TASK DESCRIPTION: Pictures excluded, output exactly the lines from the one containing "Botella de spray de riego" through the last line of the listing below.

PROVIDED MATERIAL:
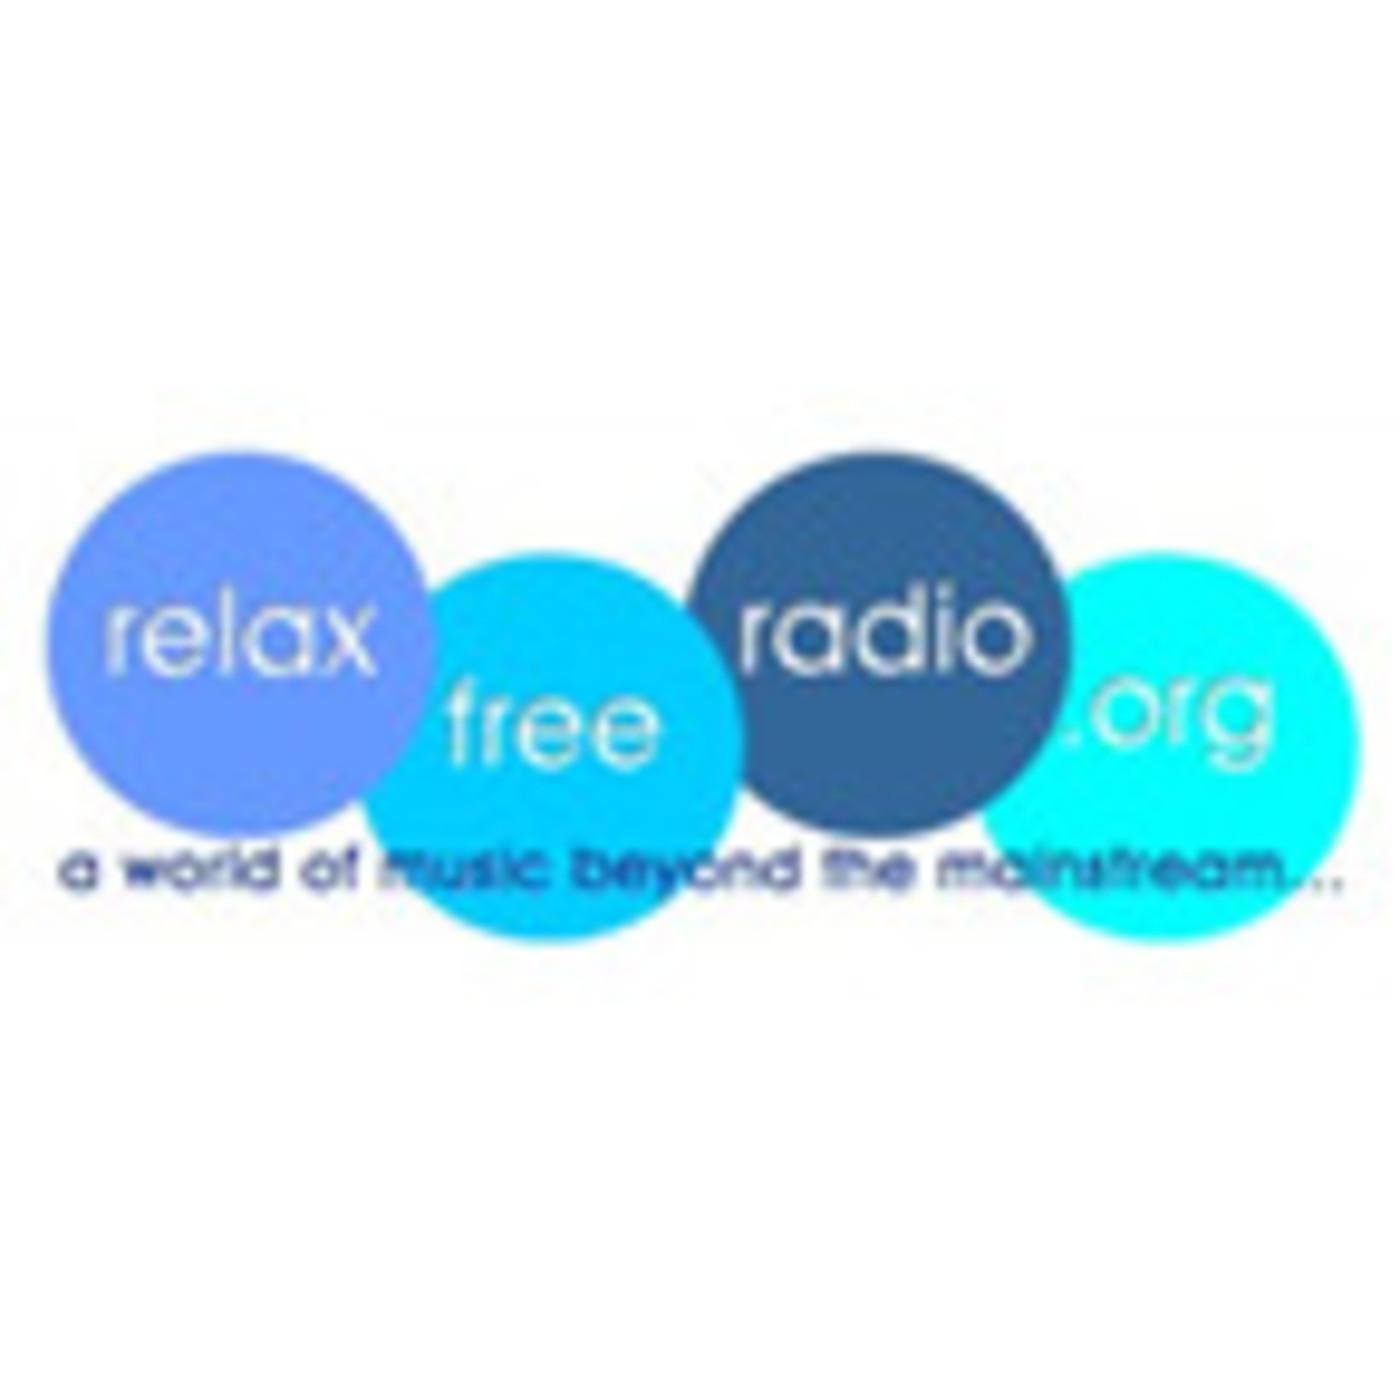 Relax Free Radio
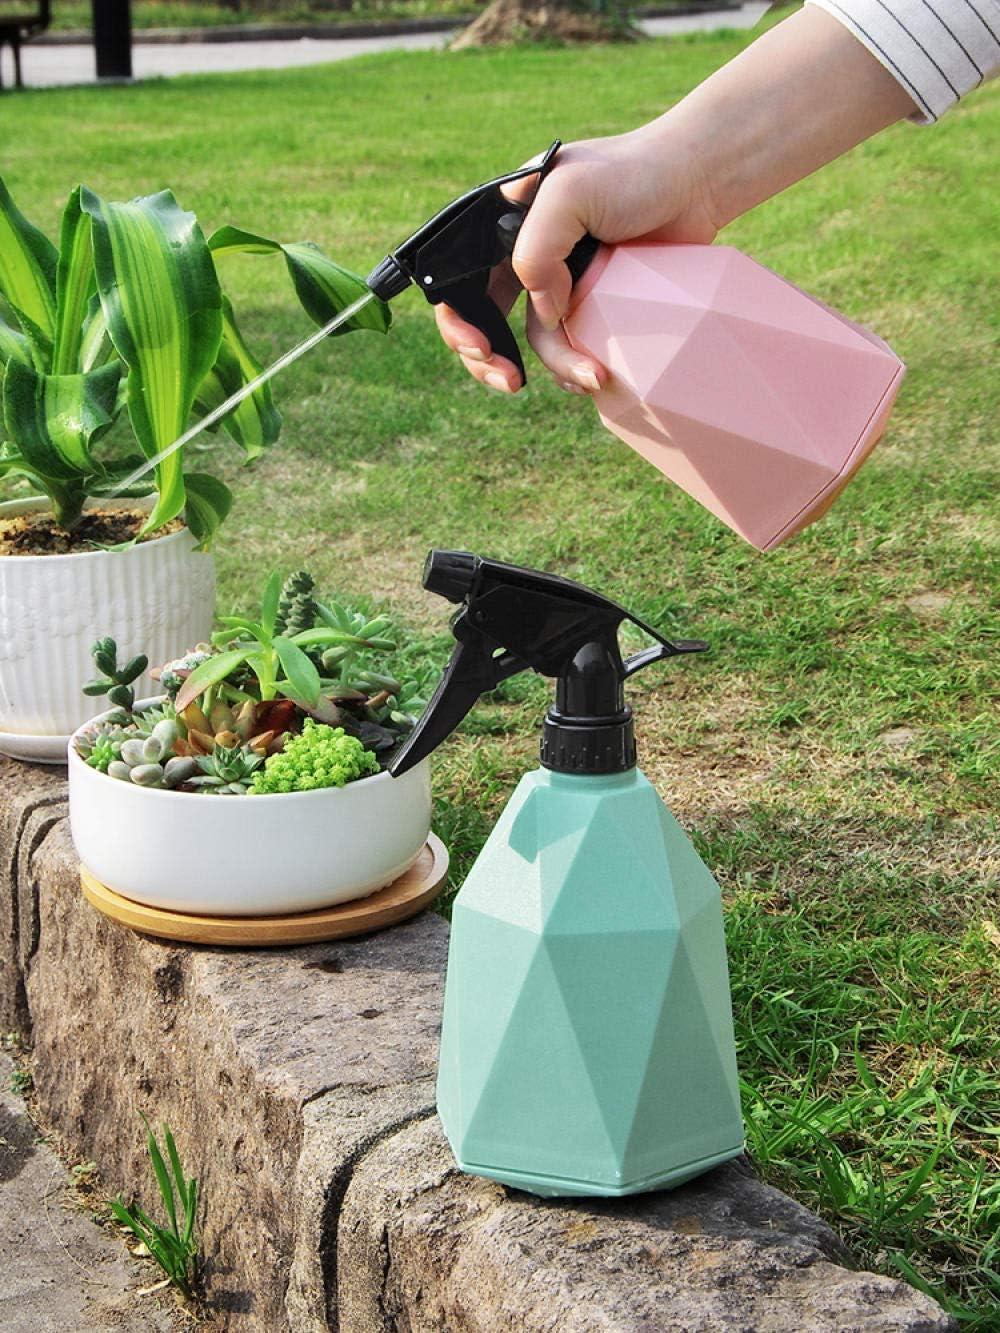 Botella de spray de riego neum/ático botella de spray de desinfecci/ón dom/éstica
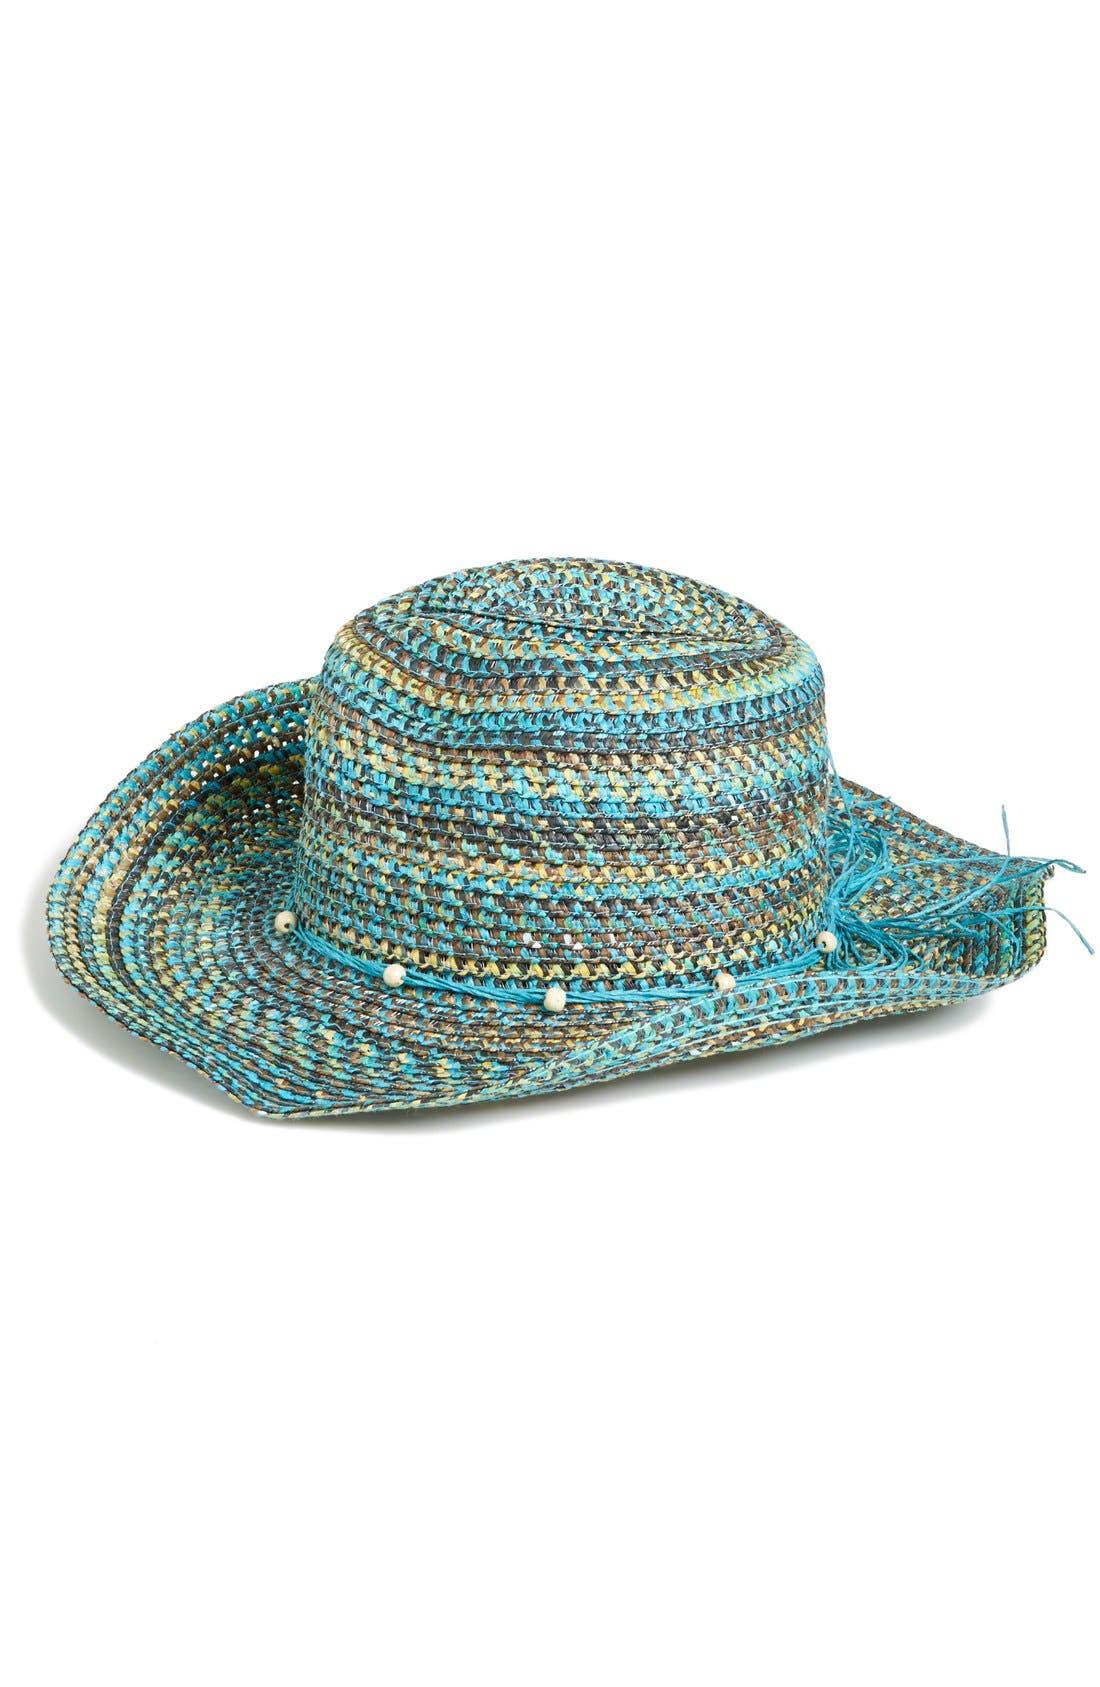 Main Image - T+C by Theodora & Callum Multicolor Straw Hat

WRITTEN SOLUTION:
 Botella de spray de riego neum/ático botella de spray de desinfecci/ón dom/éstica
 Main Image - T+C by Theodora & Callum Multicolor Straw Hat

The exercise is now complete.